Author's Roundtable 3: Response from James H. Warren
Thursday, November 19, 2009
Respondent James H. Warren (History, Illinois) talks with Ritu Birla (History, Toronto).
Written by James H. Warren (History)
Several years ago in a social theory seminar, my colleagues and I were assigned Douglass C. North’s 1990 book Institutions, Institutional Change and Economic Performance (Cambridge UP, 1990). Economic history, we were told, was about to undergo a resurgence and North was to serve as our entry point into economic history and theory. The book was concerned with delineating an analytic framework to study “the role of institutions in economic performance” (3). It offered a sort of diagnostic toolset for evaluating the “differential performance of economies over time” (3). I was skeptical, to say the least, of this sort of narrow modeling, especially given my attraction to the interdisciplinarity of cultural, gender, and postcolonial studies.
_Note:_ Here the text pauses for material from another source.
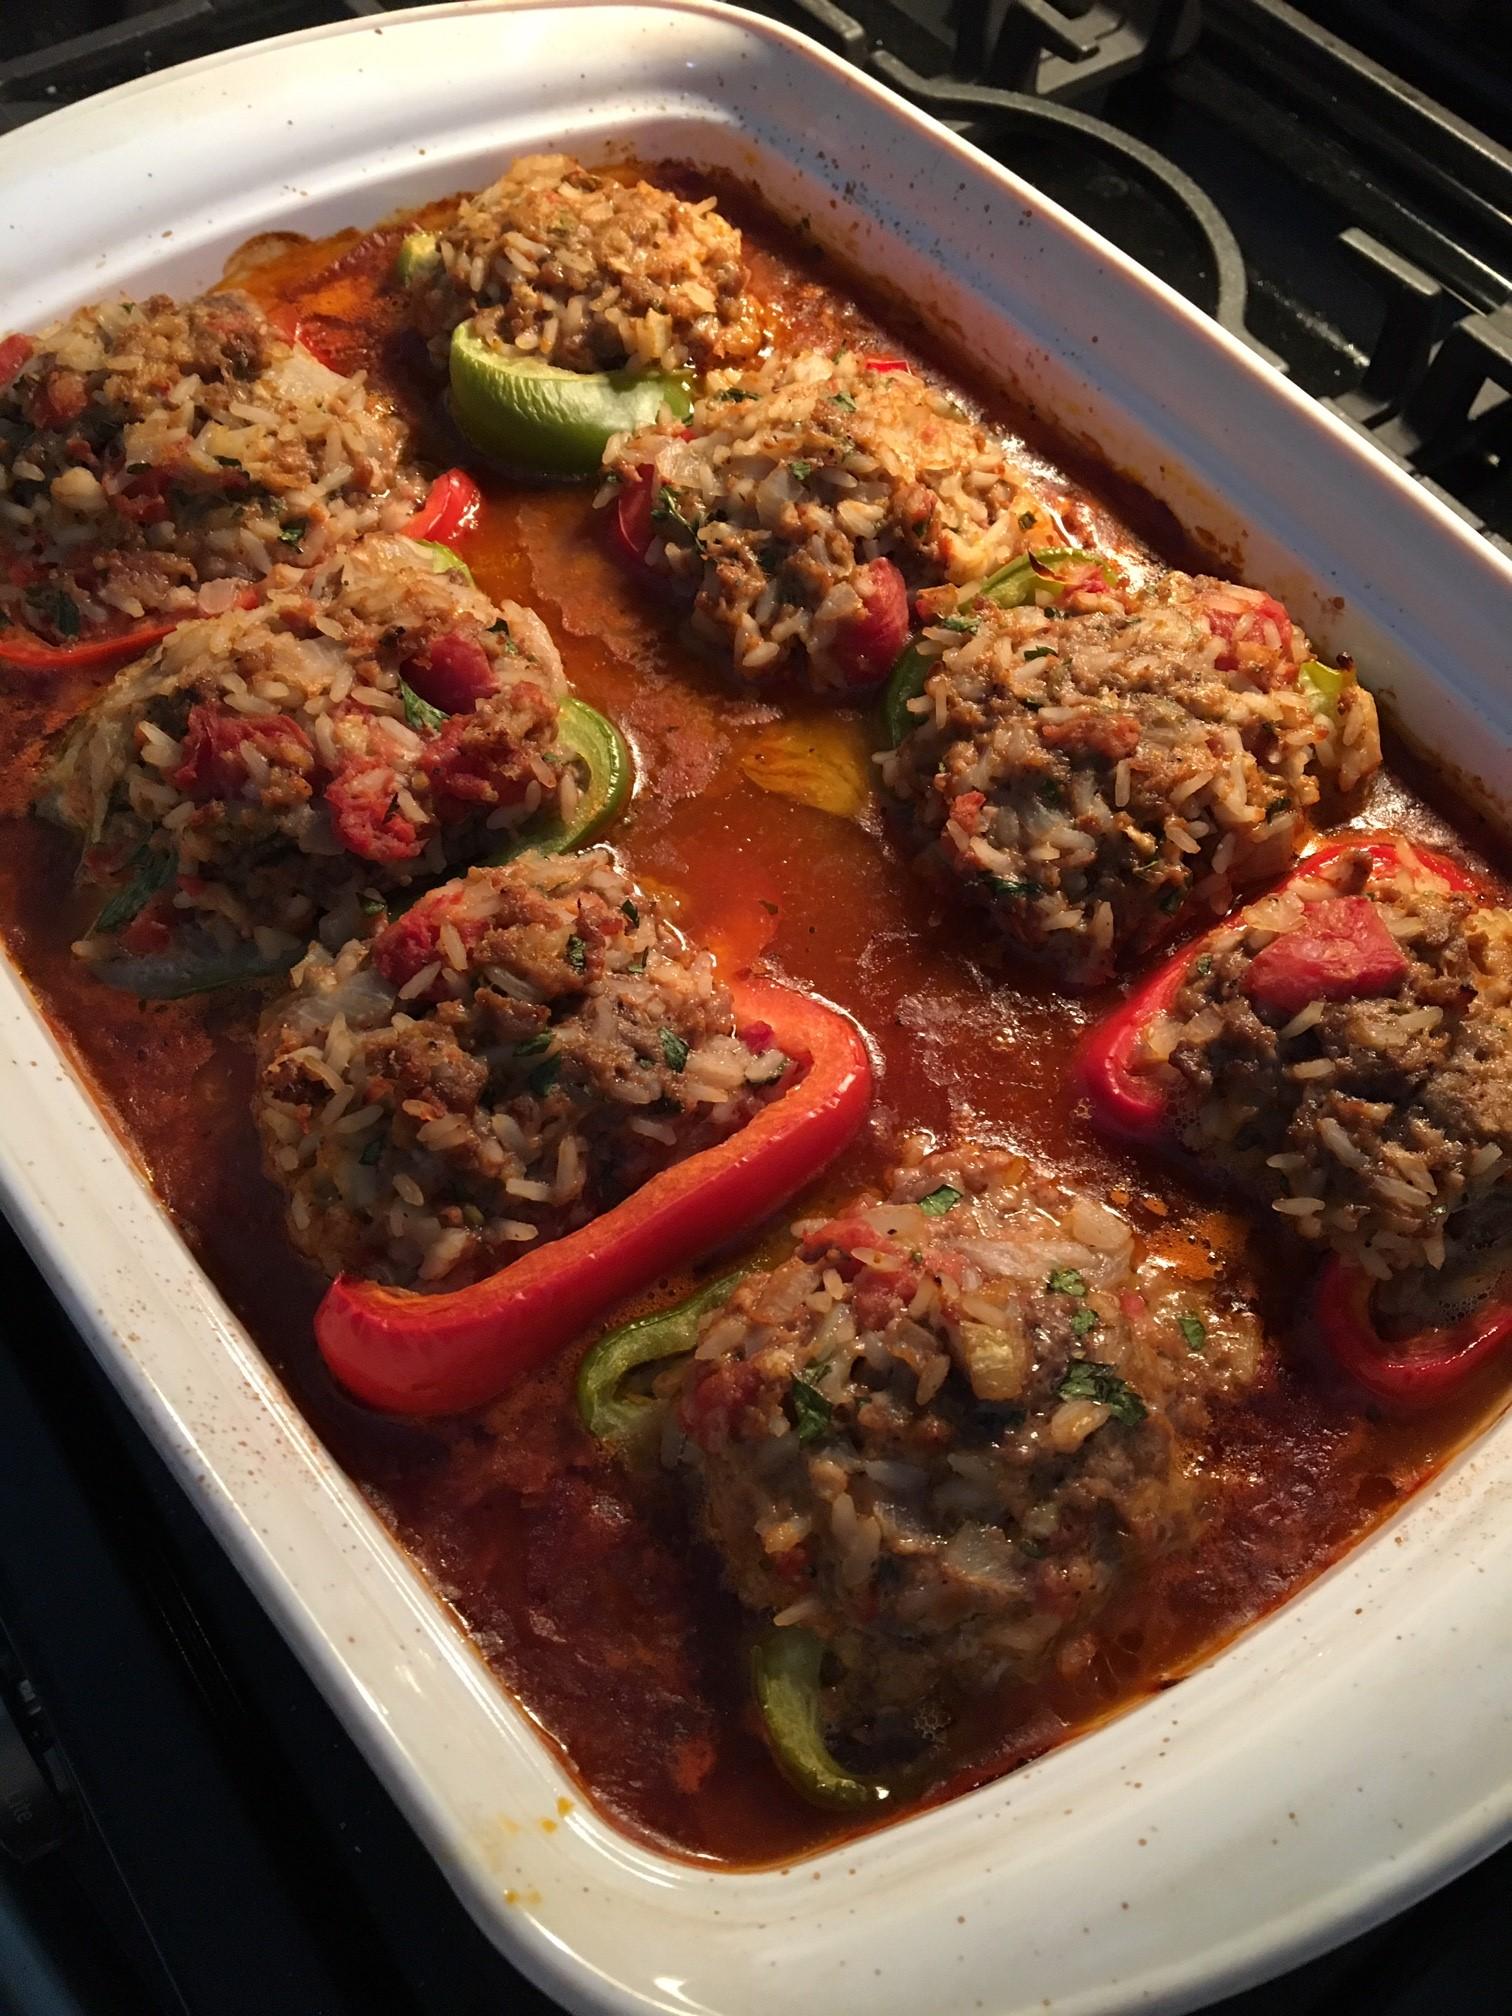 Chef John's Stuffed Peppers dat1guy
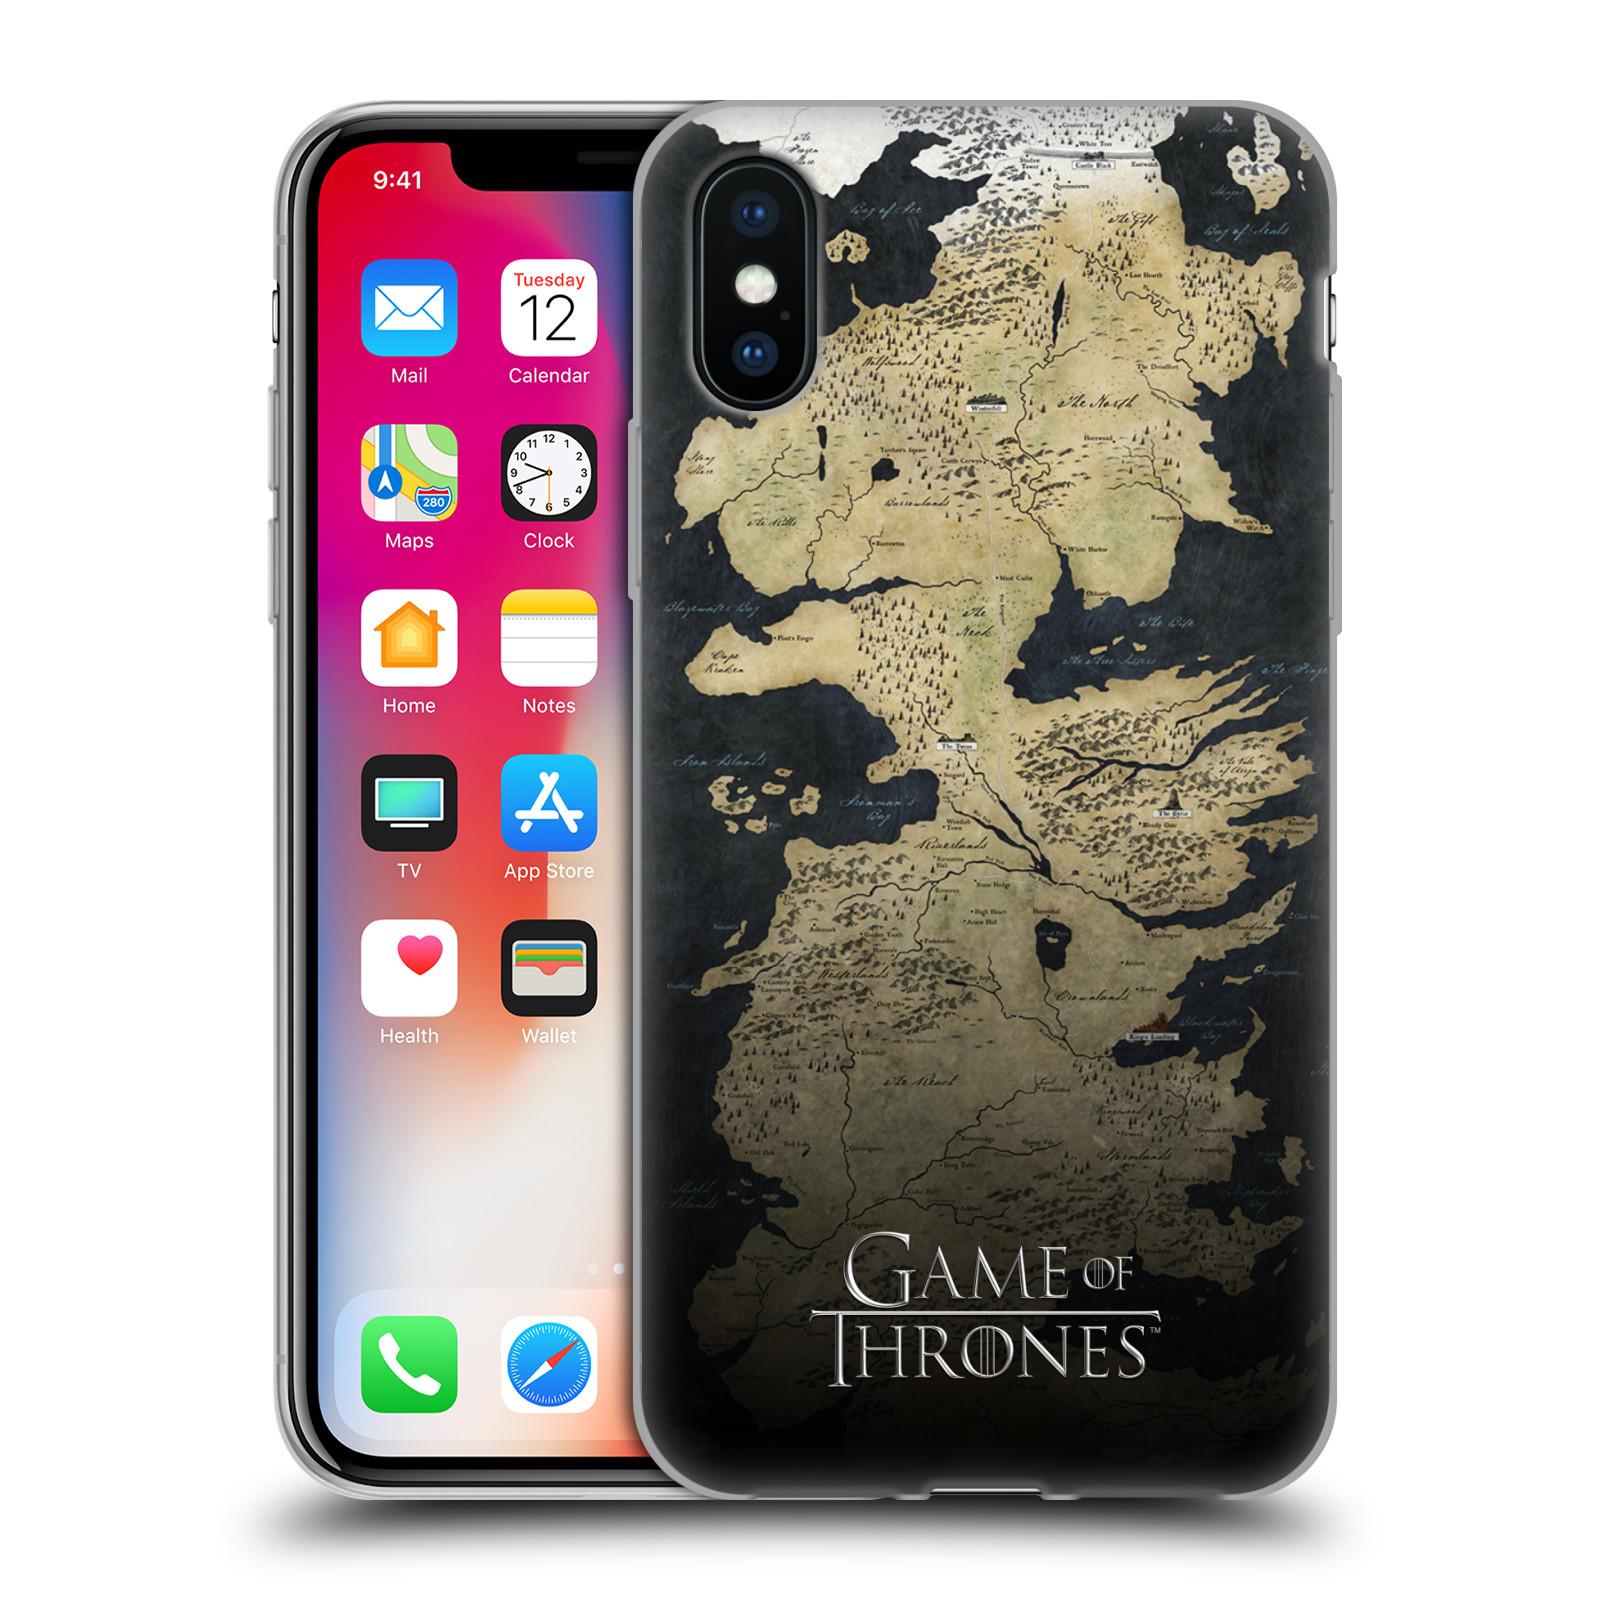 Silikonové pouzdro na mobil Apple iPhone X - Head Case - Hra o trůny - Mapa  západozemí 2ac355eed71

Looking back on Douglass North now, there are some useful ideas, ideas that run through Ritu Birla’s Stages of Capital, in fact. The notion that institutions effect economic change is echoed in Birla’s attention to shifts in case and codified law and the effect of the “rule of law” on the market as an object of governance—indeed the temporal stages of capital: status and contract. The observation that the birth and evolution of organizations is influenced by institutional frameworks and that they, in turn, influence how institutional frameworks evolve (5) is evident, for instance, in chapter five, where Birla examines the rise of the Indian Chamber of Commerce and other similar commercial organizations within the framework of market governance as well as their participation in debates about the scope of sovereignty.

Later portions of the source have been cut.